As always it was a quick trek from the transporter room to the bridge, though the tension Raine was feeling at the possibility that they hadn't actually fixed the timeline somehow made it seem longer.
Most of that worry bled out of her however as the door to the bridge opened and she saw the instantly recognizable form of Federation orbitals on the main viewscreen.
The red shirted Lieutenant Strek currently sitting in the captain's chair turned as she stepped into the room, his eyes tracing over Raine’s 20th century outfit for a moment in confusion before he reached her face and realization seemed to set in.
“Ma'am.” He said, smiling in relief as he rose to his feet and motionioned that she was free to take the chair. “It’s good to see you back.”
“It’s good to be back.” Raine admitted, waving off his overture as she walked over to stand next to the chair. “Please tell me that’s actually what it looks like?”
Strek nodded. “Com traffic confirms everything’s back where it should be.” He grimaced, turning to shoot a worried look at the viewscreen. “At least, as far as we can tell.”
Starfleet’s temporal mechanics classes always tried to teach them that close enough was good enough when it came to time travel.
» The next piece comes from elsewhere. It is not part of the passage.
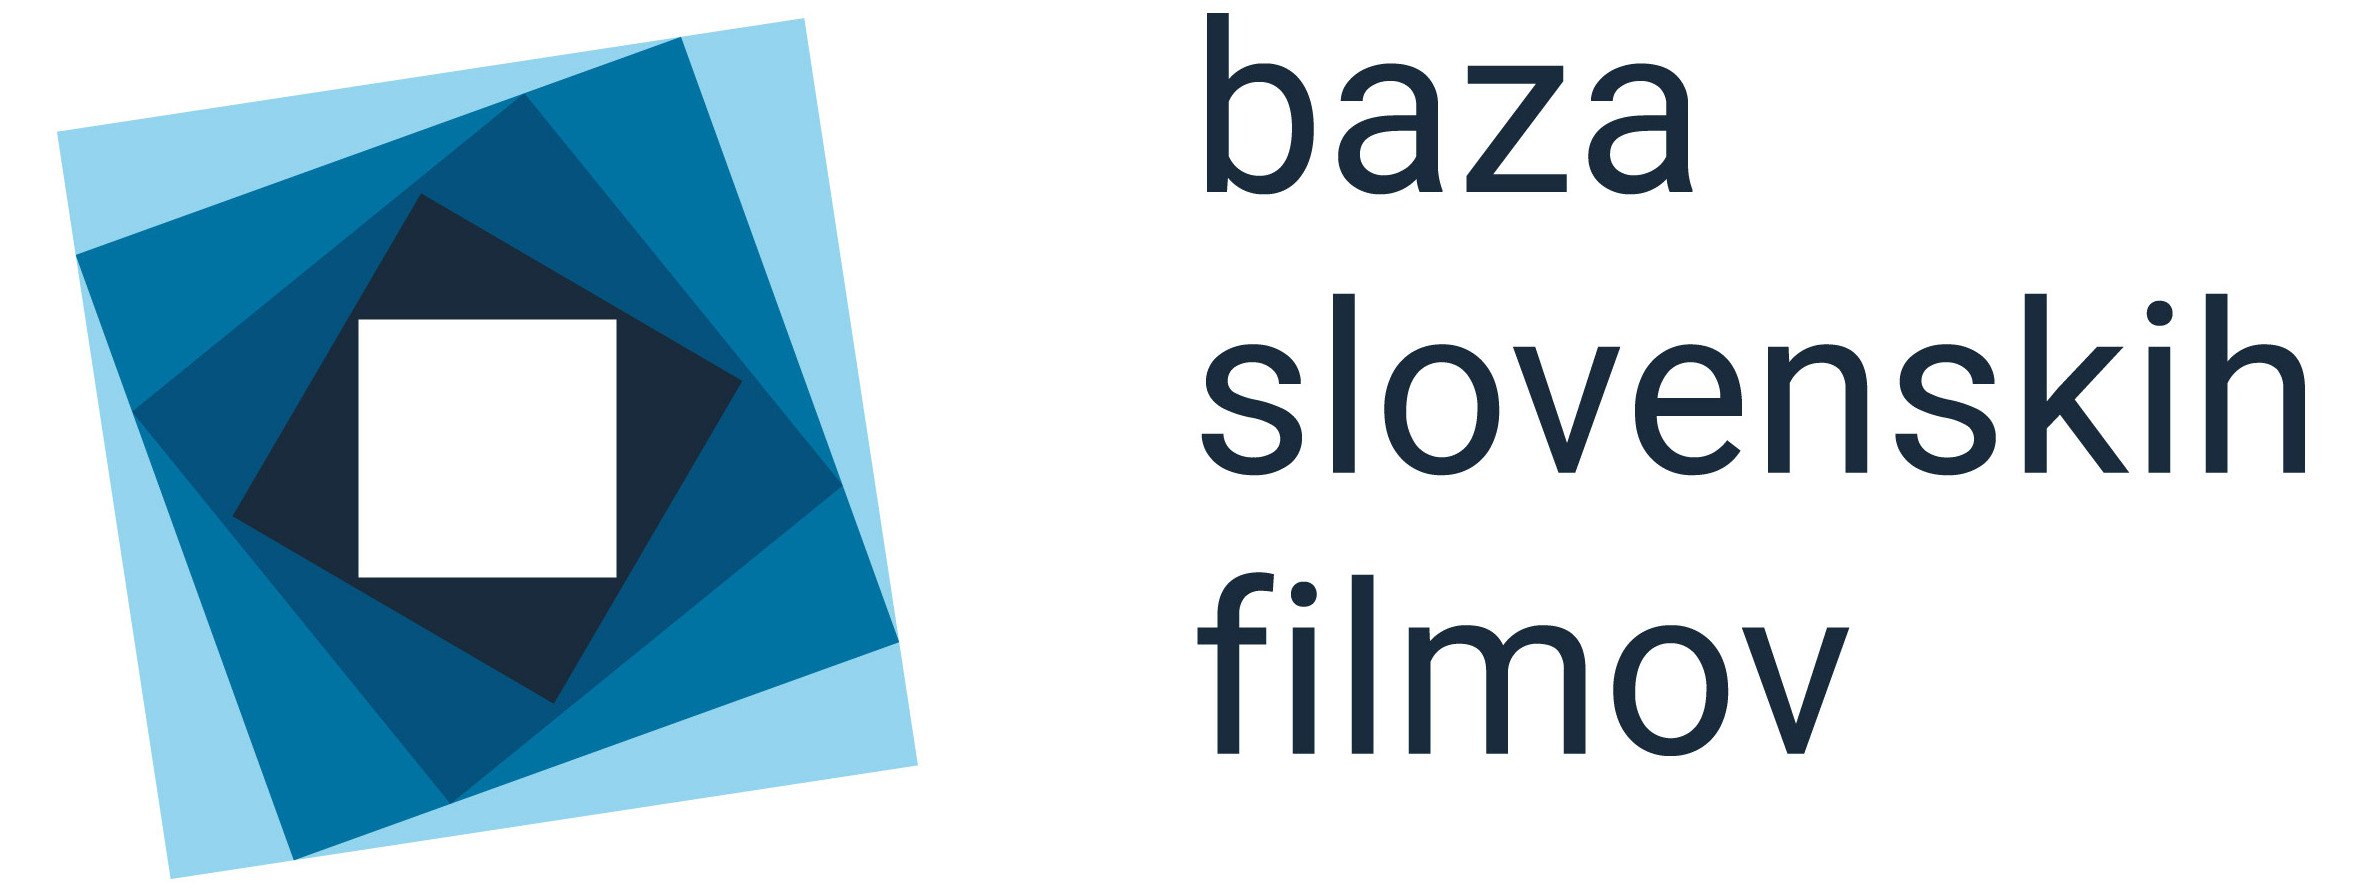 BSF Baza slovenskih filmov logotip

Mostly Raine suspected, because to do otherwise would foster the type of obsessions that could get really really dangerous.
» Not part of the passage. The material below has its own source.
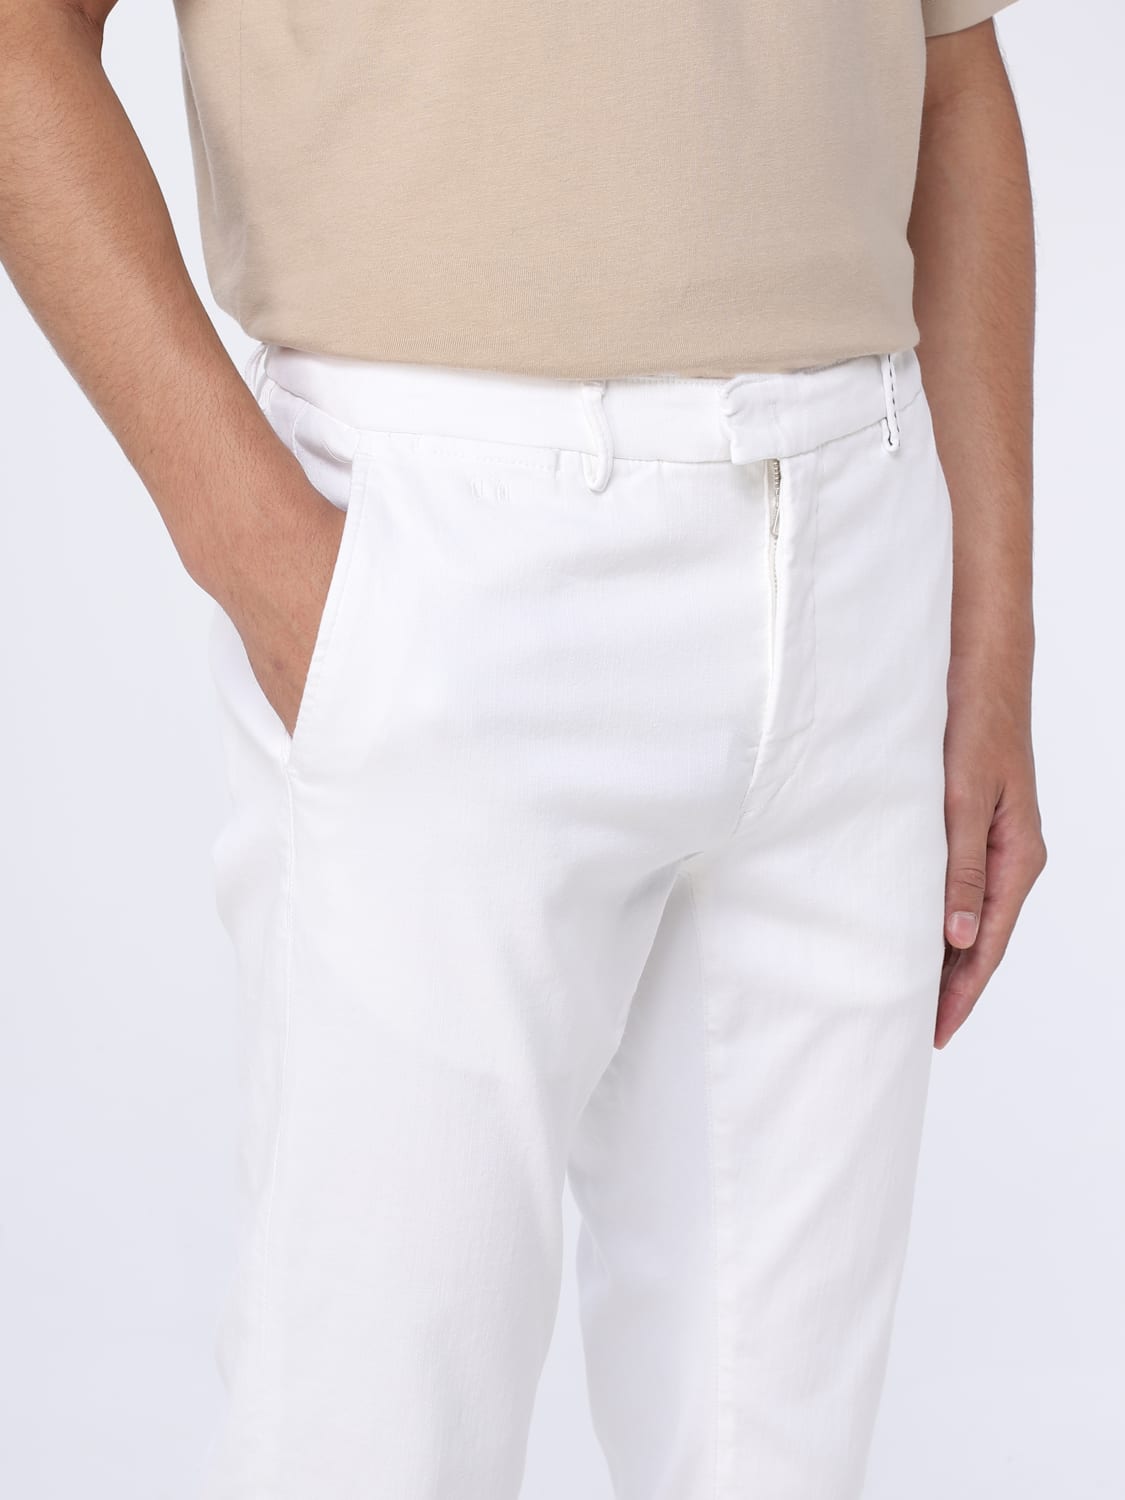 TRAMAROSSA: pants for man - White | Tramarossa pants LUISLI G125 OLD ...

“And my duplicate?” Raine inquired, not particularly expecting her to still be around if the timeline had corrected itself, but feeling the need to ask nonetheless.
“Sorry ma'am.” Strek admitted with an apologetic shake of his head. “She and her ship vanished in a flash of white light a couple hours after the Chief and Major beamed down.”
Raine twitched.
“A flash of white light?” She repeated to be absolutely sure she had heard the Lieutenant right.
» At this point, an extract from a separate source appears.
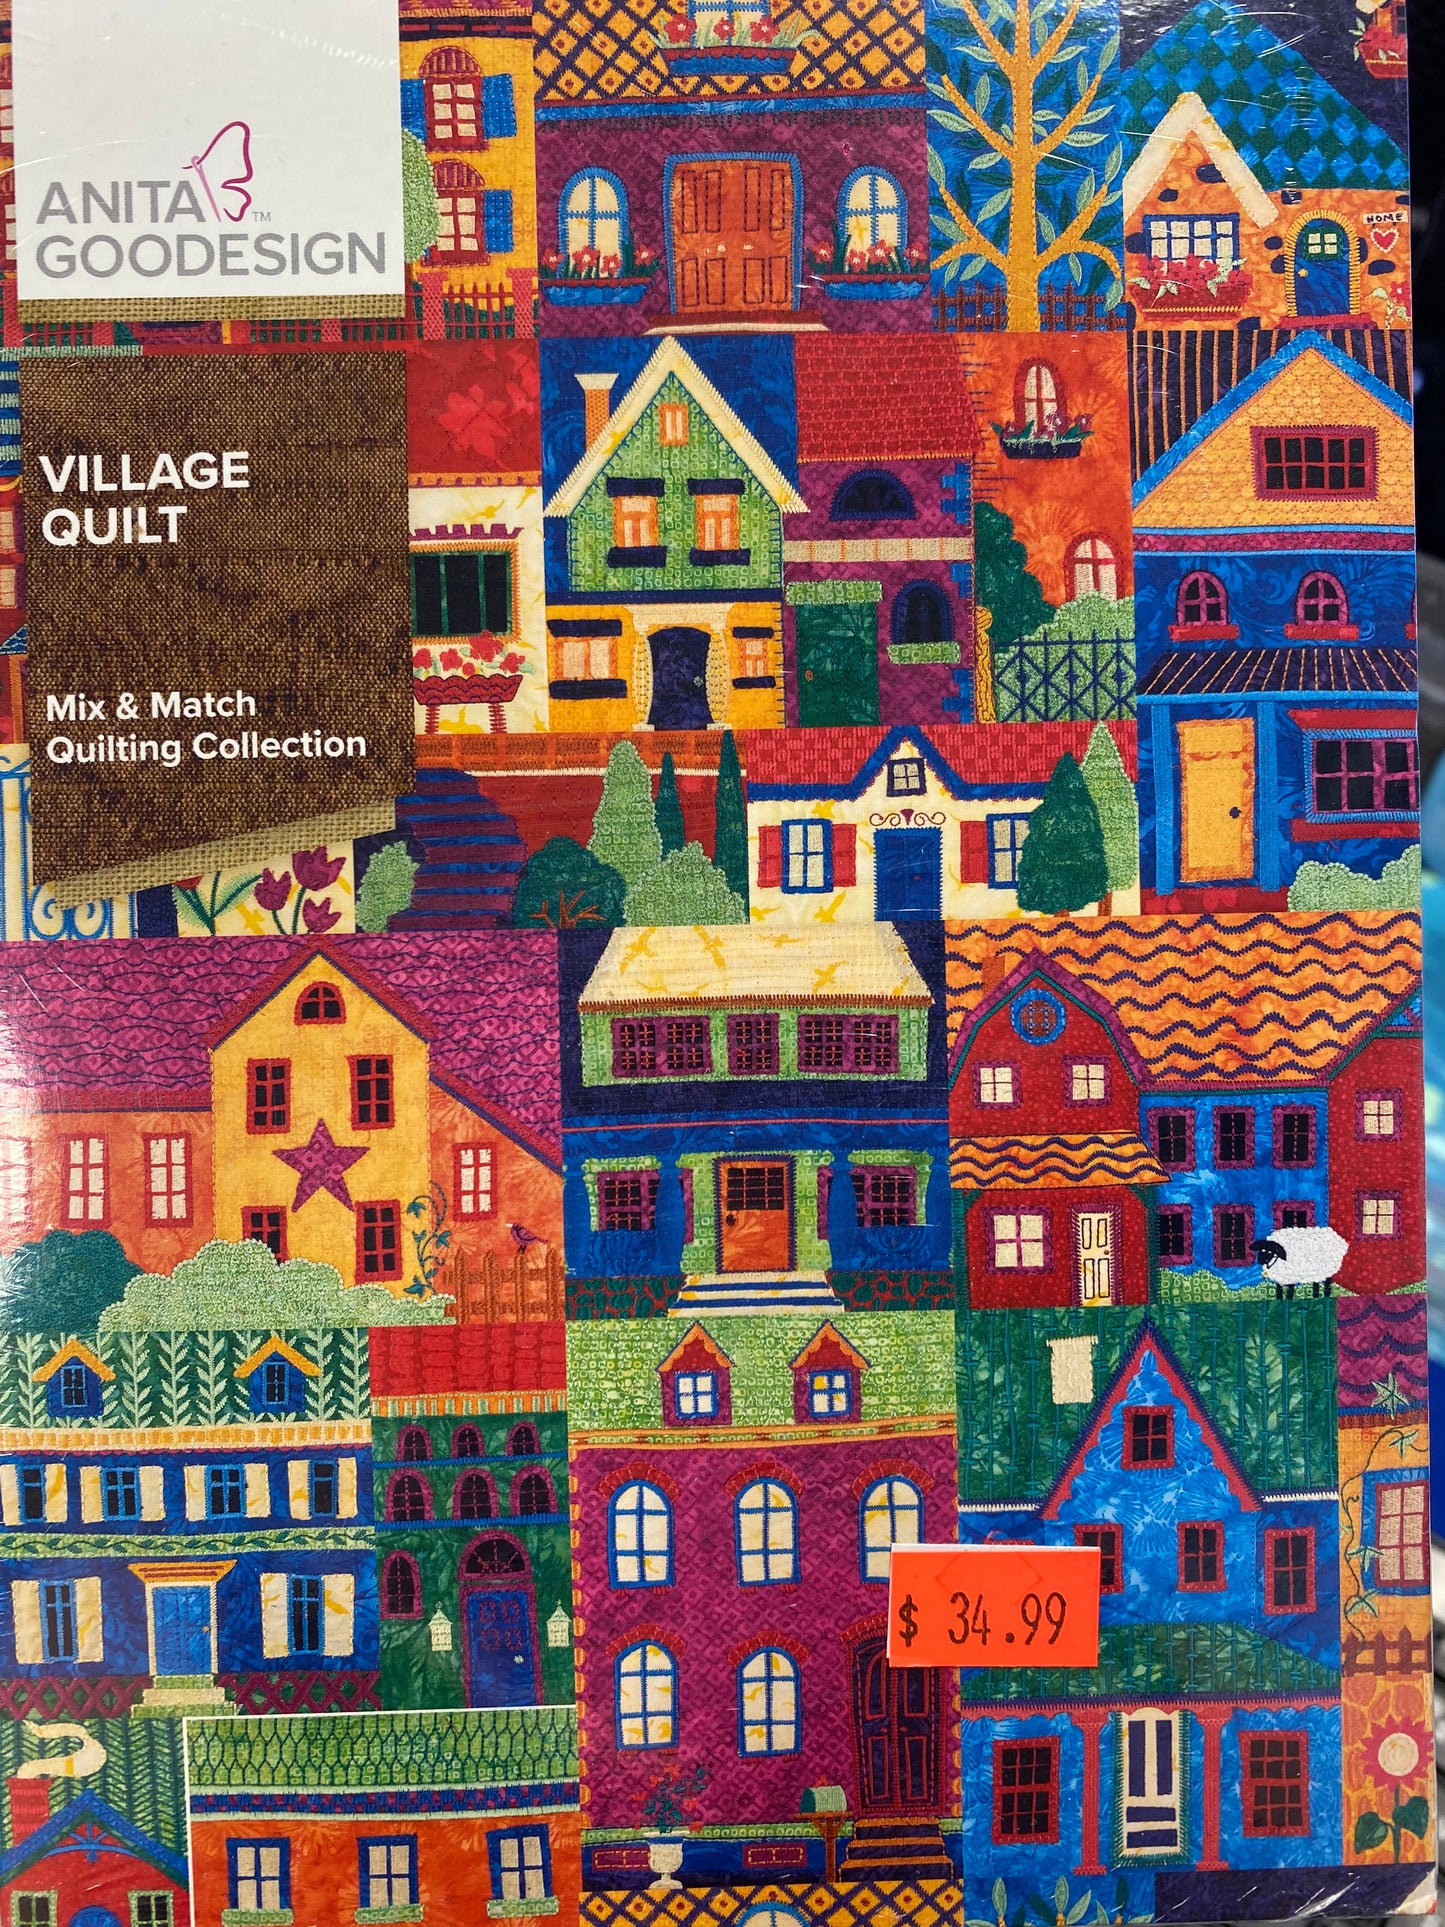 Village Quilt by Anita Goodesign

“Yes ma'am.” Strek confirmed with a nod.
That absolutely wasn't how temporal erasure was supposed to look to an outside observer, and a sudden niggling worry hit Raine since there was one thing she knew of that more or less fit that description that could mean several dangerous things for them.
“Was the flash accompanied by a sound you can only describe as the conceptual sound of a flash?”
“Actually, yes.” Strek confirmed, giving her an odd look. “At first we thought it might have been a transporter effect, but internal and external sensors didn't pick up anything other than the flash of light.”
That all but confirmed it to the Asari, and she steeled herself for whatever was waiting in the wings to happen next, because for some reason, a Q had stopped by the Defiant and kidnapped the alternate future version of her.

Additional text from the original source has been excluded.